The empty lot at the corner of Washington Street and Federation Road is likely to be converted to housing and commercial properties in the future. 

TWIN FALLS — A controversial canyon rim real estate project is heading to the City Council for a second time.

The Twin Falls Planning and Zoning Commission on Tuesday approved a modified proposal for new housing, office space and retail properties on an empty lot at the corner of Washington Street and Federation Road. The northern edge of that land is a stone’s throw away from the canyon rim.

The commission had approved a slightly different version of the same project in November. At both meetings, Hepworth Family Landholdings — the developer — was asking for a zoning change to allow for commercial and retail properties on the land, which is currently zoned for exclusively residential units.

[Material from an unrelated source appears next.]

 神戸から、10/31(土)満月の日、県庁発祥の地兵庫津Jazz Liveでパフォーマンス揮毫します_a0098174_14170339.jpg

The City Council will now decide whether or not to OK the project and zoning change. The council will also have to annex the land into the city limits for the development to move forward.

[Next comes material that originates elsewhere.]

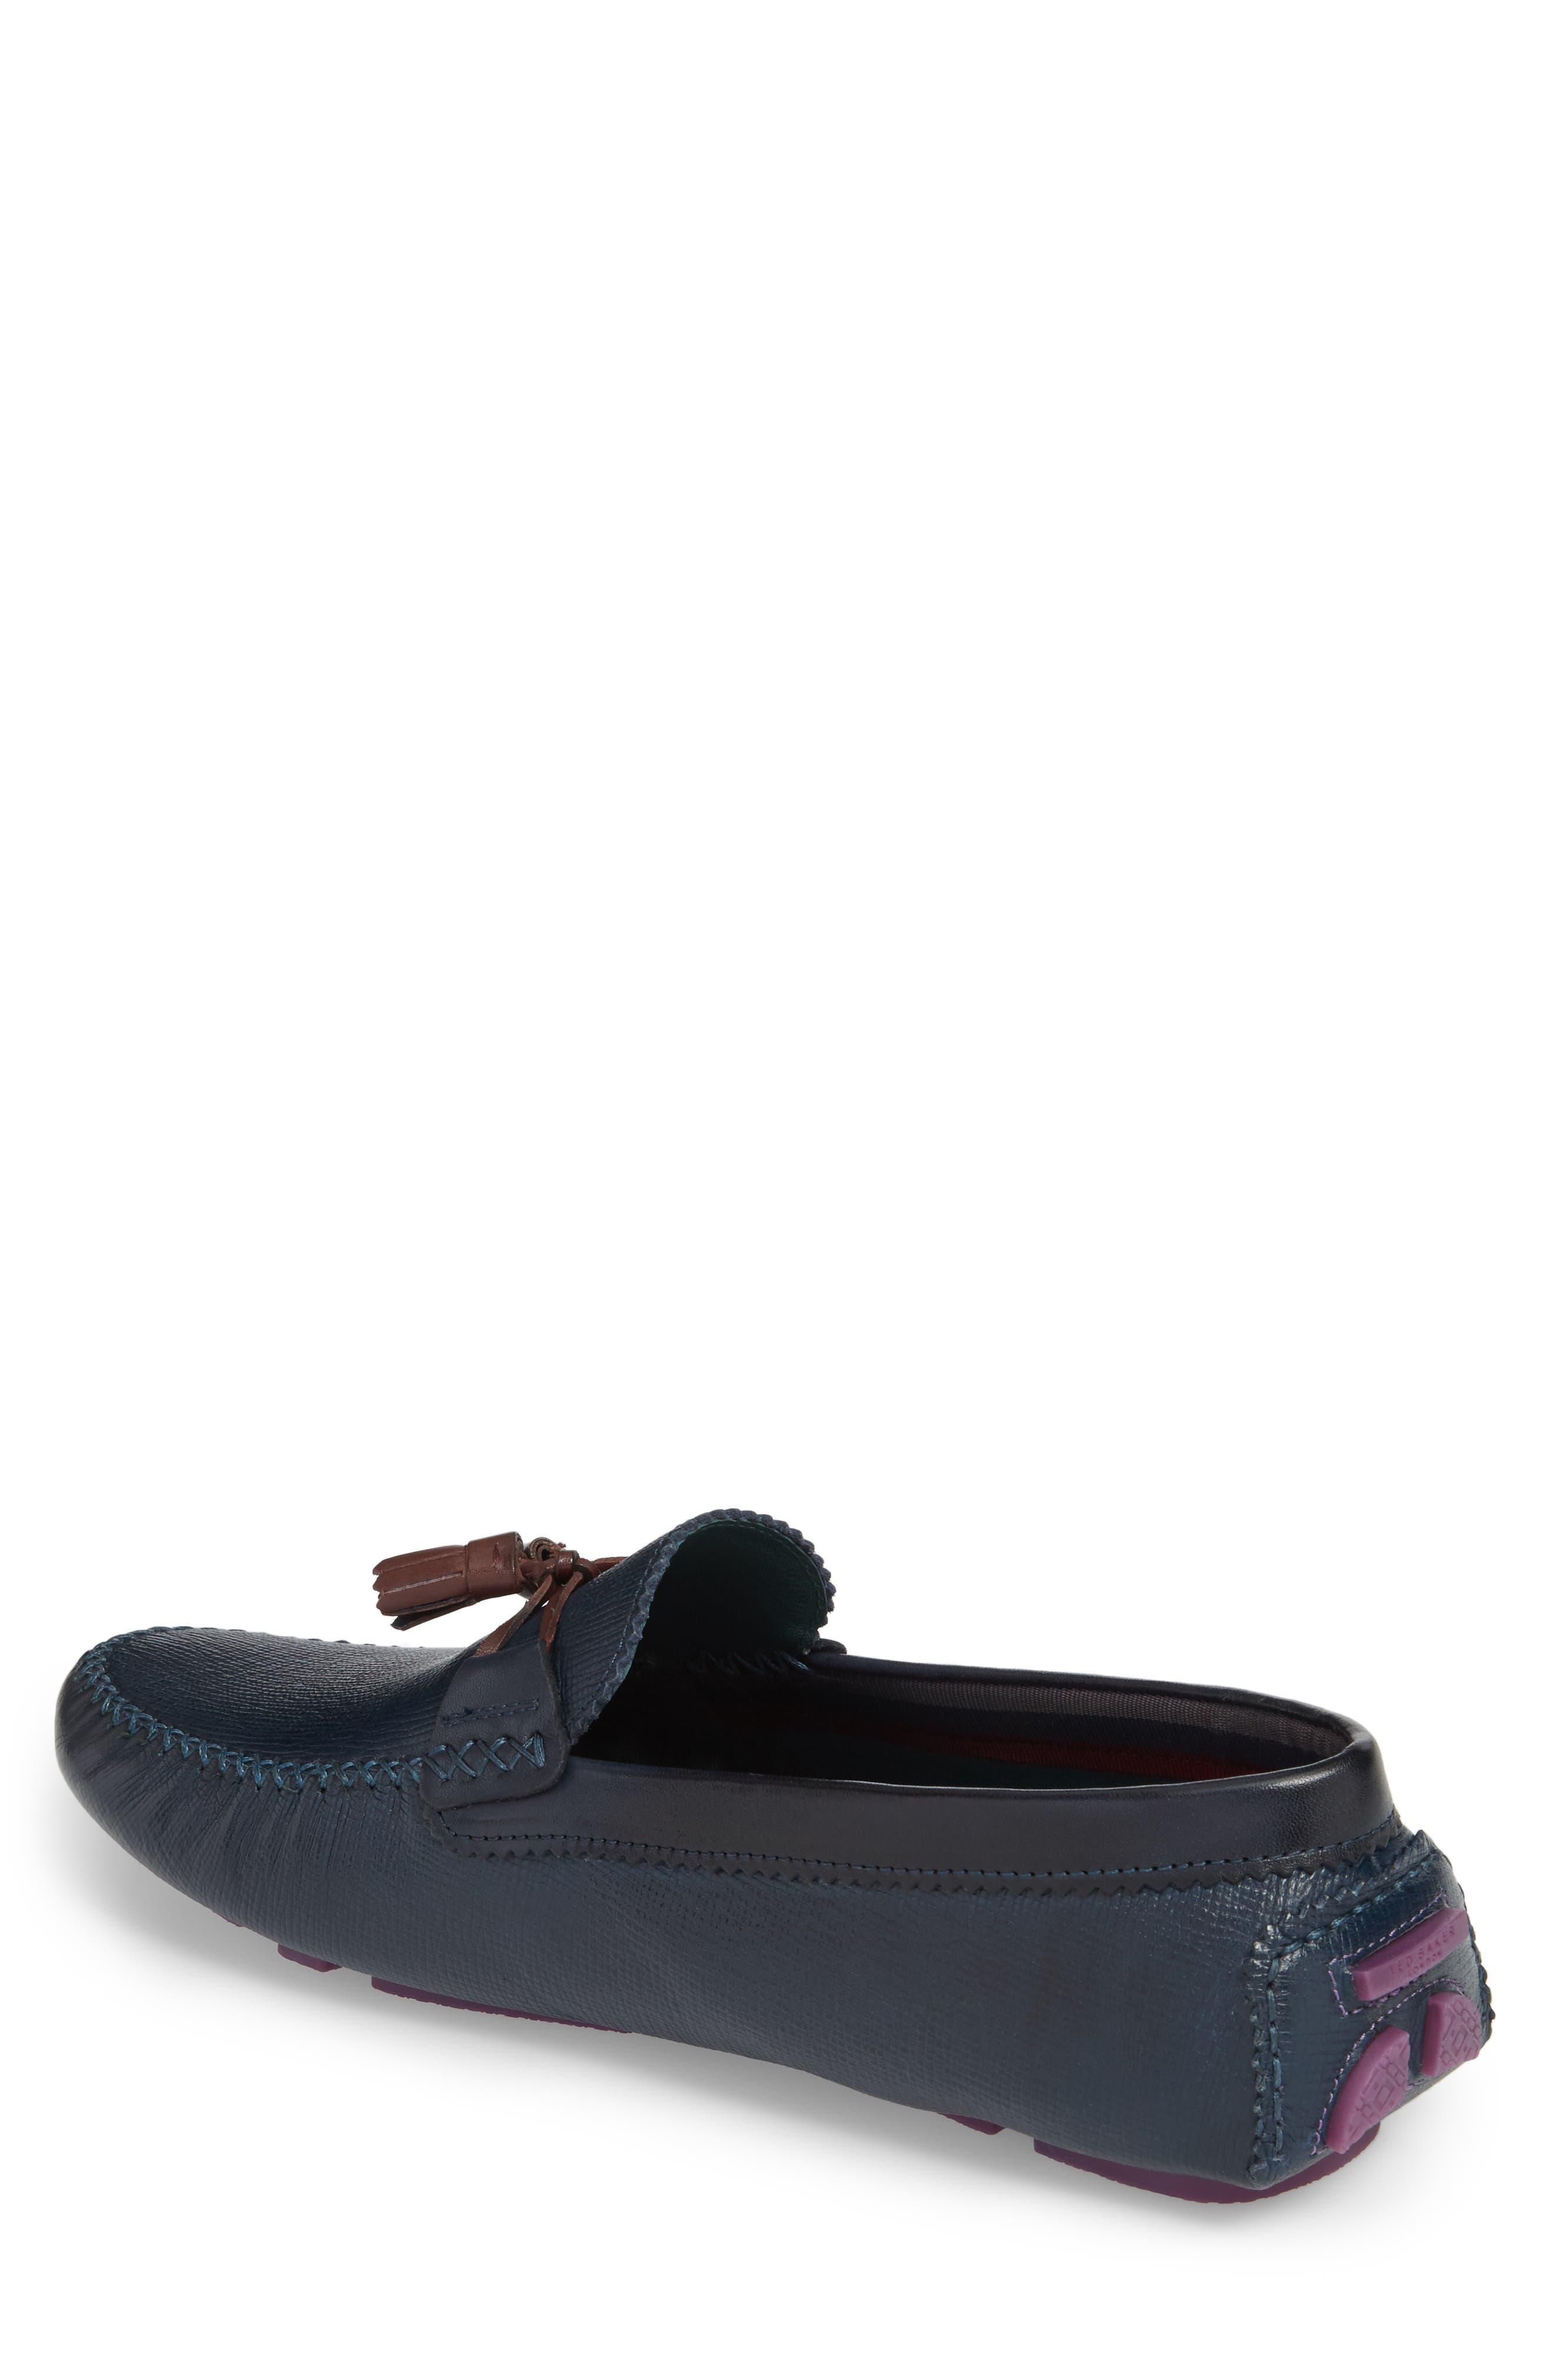 Alternate Image 2  - Ted Baker London Urbonn Tasseled Driving Loafer (Men)

In December, the council rejected the project by a 4-3 vote, with opponents citing traffic concerns and saying the project included too many housing units on too small of an area.

After the City Council shot down the Federation Point plan, the developer had to modify the project before trying again for approval. The new master plan includes wider setbacks, plus seven of the fourplexes have been turned into duplexes.

Despite the modifications, a handful of homeowners who live next to the parcel spoke against the development, with some noting they wouldn’t have any problems with single family homes — they just don’t want office space, retail, duplexes and fourplexes.

“It’s just too much for one space,” Marie Tanner said. “It’s just too tightly packed in.”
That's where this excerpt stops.